Here are some notes I took down while reading this paper. (I feel that they are helpful for both understanding AMP and learning to deliver complex system.)

Note that [] is a set with sequence {1,2,….L}, so $ \phi[L]^n$ is a vector where each element in the vector belongs to that set separately.

So the goal of the AMP algorithm is to estimate the signal matrix $B$ and true change points in $\eta$.

AMP as an iteration method

That’s the part I spent the longest time on… Since I’m not familiar with this kind of iteration algorithm, I started with the Jacobi and Gauss-Seidel Iterative Methods to understand the innovation of AMP.

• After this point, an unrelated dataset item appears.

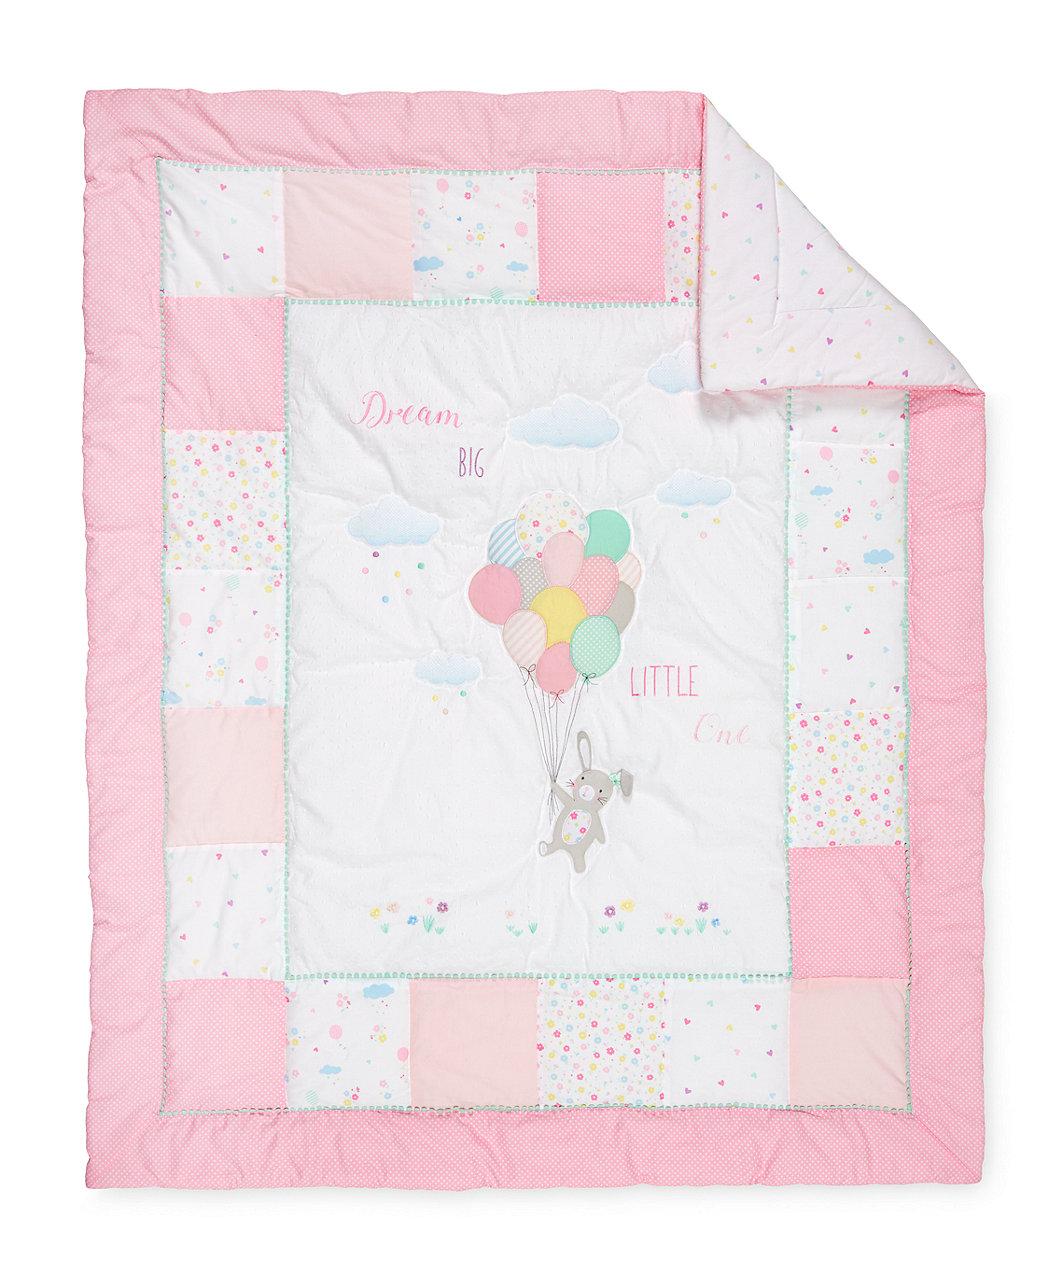 confetti party quilt. Loading zoom 28f33e55d8e8d

In each iteration $t \ge 1$, AMP produces an updated estimate of the signal matrix $B$, which we call $B^t$, and of the linearly transformed signal $\Theta:=XB$, which we call $\Theta^t$. These estimates have distributions that can be described by a deterministic low-dimensional matrix recursion called \textit{state evolution}.

Starting with an initializer $B^0\in R^{p\times L}$ and defining $\hat{R}^{-1}:=0_{n\times L}, $ for $t \geq 0$ the algorithm computes: %% \begin{align} \begin{split} \label{eq:amp} &\Theta^{t} = X \hat{B}^t - \hat{R}^{t-1} (F^t)^\top\,, \; \; \; \hat{R}^t = g^t\left(\Theta^t, y\right) \, ,
&B^{t+1} = X^\top \hat{R}^t - \hat{B}^{t} (C^t)^\top\,, \; \; \; \hat{B}^{t} = f^{t}\left(B^{t}\right), \,
\end{split} \end{align}

where the denoising functions $g^t: R^{n\times L}\times R^{n}\to R^{n\times L}$ and $f^t: R^{p\times L}\to R^{p\times L}$ are used to define the matrices $F^t$, $C^t$ as follows: $C^{t} = \frac{1}{n} \sum_{i=1}^n \partial_i{g^t_i}(\Theta^t, y)$ $F^{t} = \frac{1}{n} \sum_{j=1}^p d_j{f_j^{t}}(B^{t})$

Here $\partial_i{g^t_i}\left(\Theta, y\right)$ is the $L\times L$ Jacobian of $g^t_i$ w.r.t. the $i$th row of $\Theta$. Similarly, $d_j{f_j^{t}}(B^{t})$ is the $L \times L$ Jacobian of $f_j^t$ with respect to the $j$-th row of its argument.

The memory terms $-\hat{R}^{t-1} (F^t)^\top$ and $-\hat{B}^{t} (C^t)^\top$ in AMP algorithm debias the iterates $\Theta^t$ and $B^{t+1}$, and enable a succinct distributional characterization.

In the high-dimensional limit as $n,p\to\infty$ (with $n/p \to \delta$), the empirical distributions of $\Theta^t$ and $B^{t+1}$ are quantified through the random variables $V_{\Theta}^t$ and $V_{B}^{t+1}$ respectively, which are determined by matrics with respect to Gaussian.